Examples of where it goes wrong..

The best way to illustrate the importance of strategic management in business is to show what happens when the strategic management process is allowed to slip.

High growth company
Here is an case study drawn from the writer’s own client experience: A previously successful business in the photographic display market went into receivership through the failure of its parent company. It was bought back by the management team and, driven in a single-minded way by a balanced team, recovered from receivership and rapidly achieved its goal of UK dominance in its field, generating significant cash and profits.

Its ambitious operations director pushed his way into the CEO seat and set a new goal: to try to consolidate the fragmented market in the US. After a highly cautious post-receivership approach to financing, he was persuaded by bankers to borrow to fund very rapid expansion by acquisition, and soon reached revenues of c£150m. In the process, he took his eye off the cash position and the borrowing risk. His strategy lagged behind his goal and he overstretched his management resources. Trading went flat as he ran into recession, he ran out of cash and the banks called his loans in. The banks refused to accept his work-out plan and forced the break-up of the company, taking a big write-down in the process.

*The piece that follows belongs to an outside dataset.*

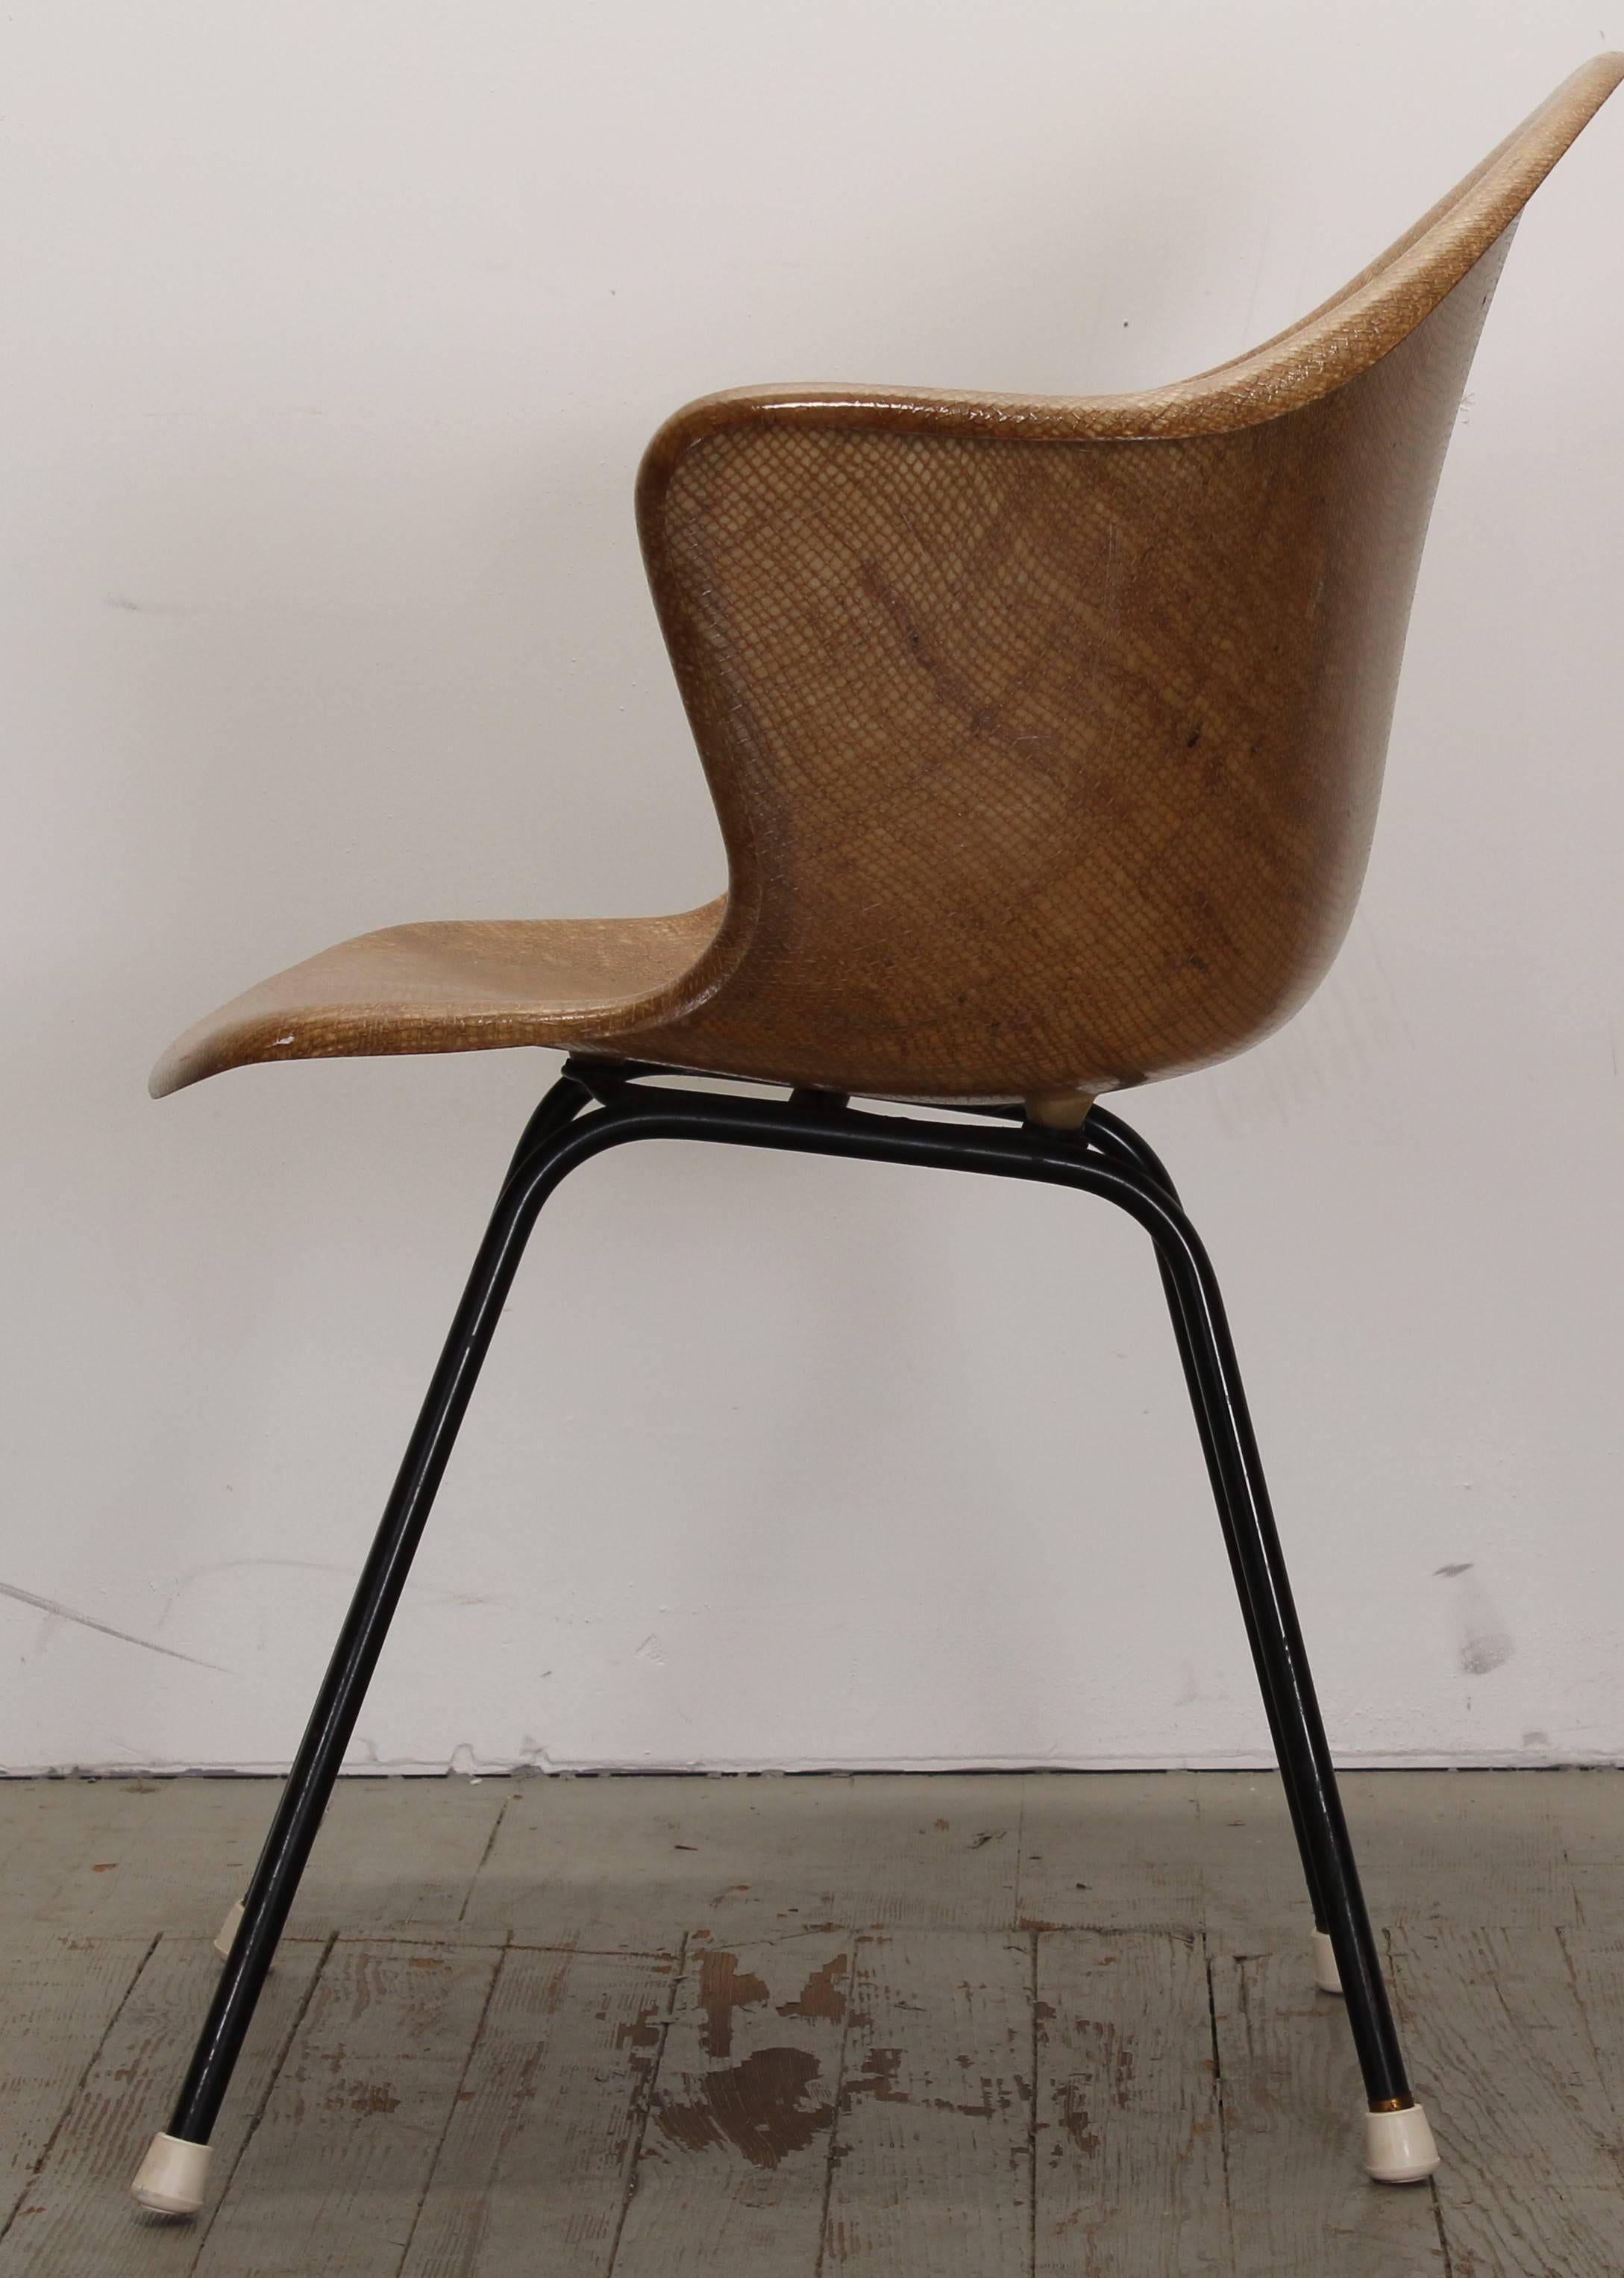 A great Mid-Century Modern armchair attributed to Luther Conover. The shell has a burlap design which was molded into the fiberglass. The chair is a light brown to golden wheat color accented by black metal legs. The feet are not original.

However, the now ex-CEO bought back a couple of the group companies, set a more limited goal with a strategy to match and by refocusing in his earlier manner, soon generated a new business which was more profitable than his previous one.

Taking a large company into new markets
There are lots of well-known examples where large organizations have failed to keep revalidating their corporate goals and updating their strategies accordingly. These include the attempt to transform the UK’s GEC, a long-standing, successful and cash-generating engineering group into an electronic group under the Marconi banner, by an acquisition program funded by GEC’s amassed cash pile of over £1.5bn. In a few short years it had all gone. The goal was probably infeasible and the importance of strategic management (in its absence) illustrated by the management pursuing the discredited goal until all the money had gone.

On the other hand, famously, Apple was transformed in fifteen years under the leadership of Steve Jobs from a nearly bust supplier of personal computers to the most valuable company in the world. As everyone knows, he achieved this by a single-minded consumer focus as he introduced a succession of market-winning products.

Clearly Apple’s strategy was tightly linked to his changing goals as the new products came on stream, and the manufacturing and distribution resources were in place to support the extraordinary sales growth. Similarly, their premium pricing strategy was linked to an outstanding degree of consumer satisfaction with the products which enabled it to be successful.

Not many businesses change goals and are able to create a successful strategy to achieve the new goal. One of the (ultimately) successful companies to do this was IBM, which, after a dalliance with PCs in the 1980s, revised its goals under Lou Gerstner and built a large and profitable software and services business. The importance of strategic management in IBM was evidenced by its ability to revise its earlier goal and through a new strategy, maintain a focus on building the new businesses to serve its new customers.